Unlike rule-based or machine-learning monitoring, agentic AI can investigate an alert end to end: pull the data, form a hypothesis, and confirm or rule it out. When a page comes in, a Resolve agent picks it up, pulls the relevant logs, metrics, traces, and recent changes, and works out whether it represents real user impact or noise before anyone is pulled in.

That directly addresses the patterns that cause fatigue. It correlates and groups the flood of pages from a single incident into one investigation, so alert storms stop reaching the pager as thirty separate notifications and needing manual triage. It attaches the context that low-fidelity alerts lack, including recent deploys and affected services. And it works out the difference between a symptom and its root cause, which is the triage that usually lands on a tired on-call engineer at the worst possible time.

This runs without taking humans out of the loop. The investigation happens automatically, the engineer gets an evidence-backed summary of what's happening and why, and a person still decides what to change and executes it. That model, AI-led investigation with human-controlled execution, is how Resolve approaches on-call. It absorbs the triage that drives most alert fatigue while leaving judgment and action where they belong.

Metrics that show alert fatigue is improving

You can't manage alert fatigue without measuring it. A few signals tell you whether your changes are working:

• Pages per on-call shift. The SRE book's sustainable target is fewer than two actionable incidents per twelve-hour shift. Trending toward that is the clearest sign of progress.
• Percent of alerts that are actionable. Track how many pages lead to a real action. A low and falling ratio means you're training the team to ignore the pager. The inverse, your false-positive rate, is the same signal read the other way. A rising one means the pager is filling with noise.
• Mean time to acknowledge and resolve. Rising acknowledgement time usually means engineers have stopped trusting their alerts.
• Alerts per incident. Falling counts here show your grouping and deduplication are doing their job.

Frequently asked questions

What causes alert fatigue?

Alert fatigue is caused by too many low-value alerts: non-actionable pages, untuned static thresholds, duplicate alerts from a single incident, missing severity and ownership, and alerting on internal causes rather than user-visible symptoms. The common thread is a low ratio of signal to noise, which trains people to stop reacting.

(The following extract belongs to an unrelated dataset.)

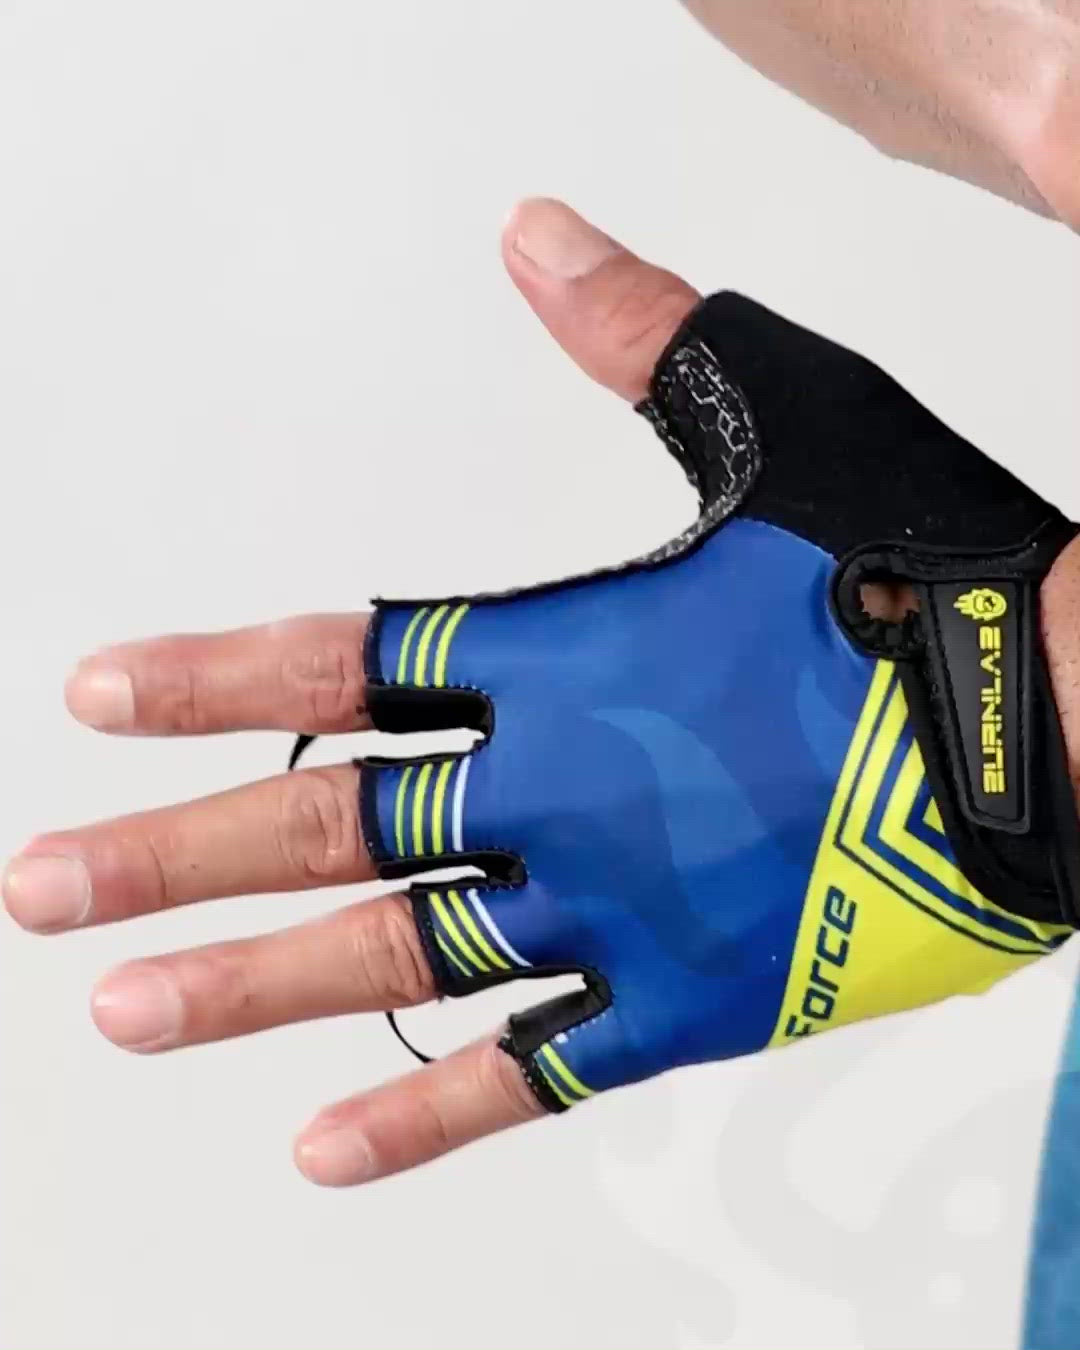 RYMNT Full Fingers Workout Gloves for Women Men-Gym Gloves for Women Weight  Lifting, Exercise Crossfit Gloves-Touch Screen-Extra Grip  Foam-Padded,Anti-Slip for Fitness,Training,Cycling. price in UAE,   UAE
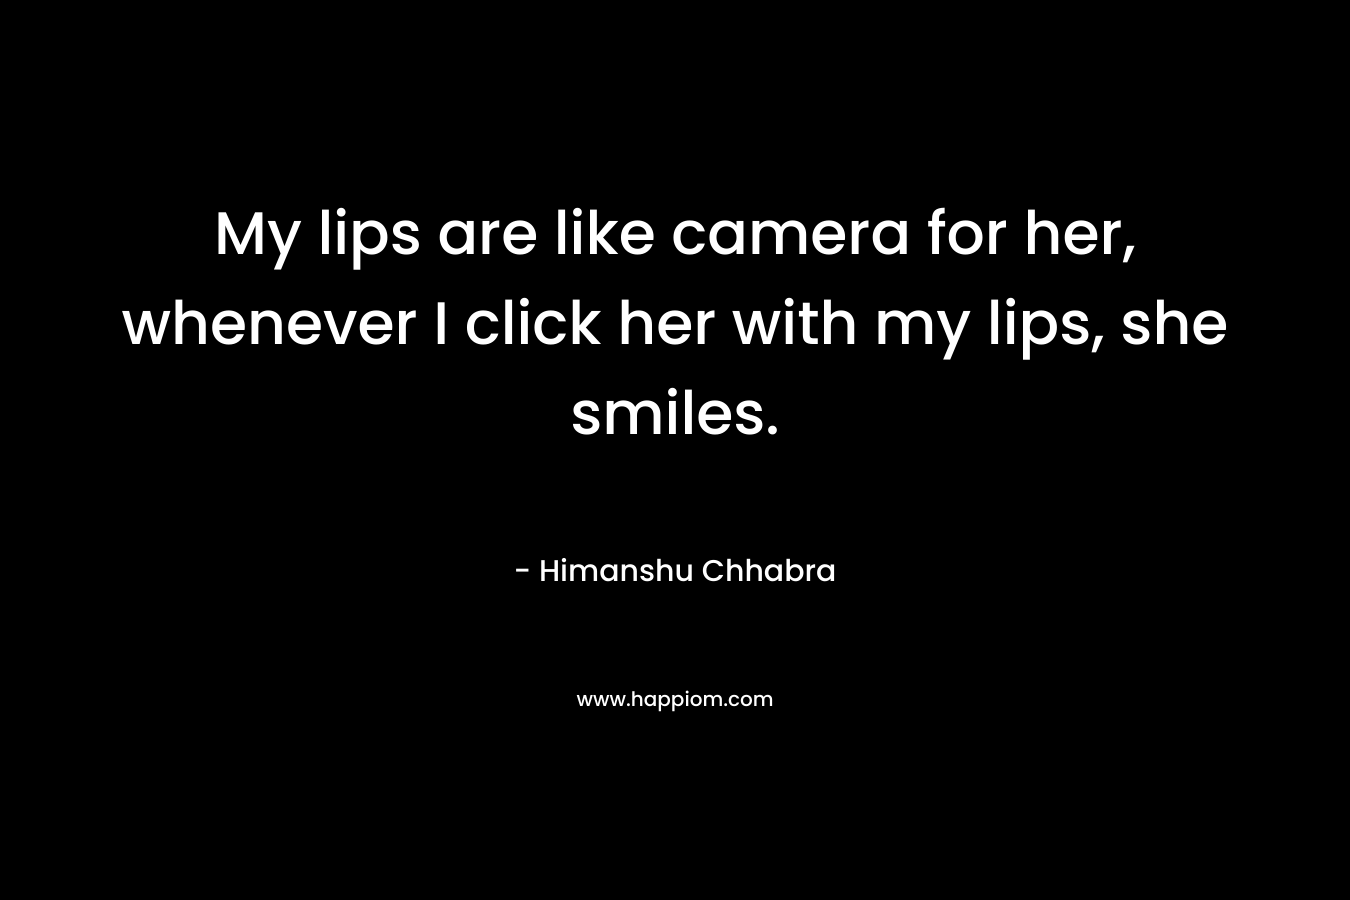 My lips are like camera for her, whenever I click her with my lips, she smiles. – Himanshu Chhabra

How do you reduce alert fatigue?

You reduce alert fatigue by raising the bar for what earns a page: alert on symptoms and SLO burn rather than every internal cause. An AI SRE can then investigate each alert as it fires, groups the pages from a single incident, and attaches context automatically, so fewer reach a human and the ones that do arrive are already triaged, with a person still deciding what to act on.

What is the difference between alert fatigue and alarm fatigue?

Alarm fatigue and alert fatigue describe the same effect in different fields. Alarm fatigue is the original clinical term, formalized by the Joint Commission for medical-device alarms. Alert fatigue is the equivalent in software and security operations. Notification fatigue is sometimes used for the broader case that adds chat, email, and push on top of monitoring alerts.

How many alerts per on-call shift is sustainable?

Google's SRE book puts the ceiling at fewer than two actionable incidents per twelve-hour on-call shift, based on the roughly six hours an incident takes to work through end to end. Most teams that feel constant alert fatigue are running well above that.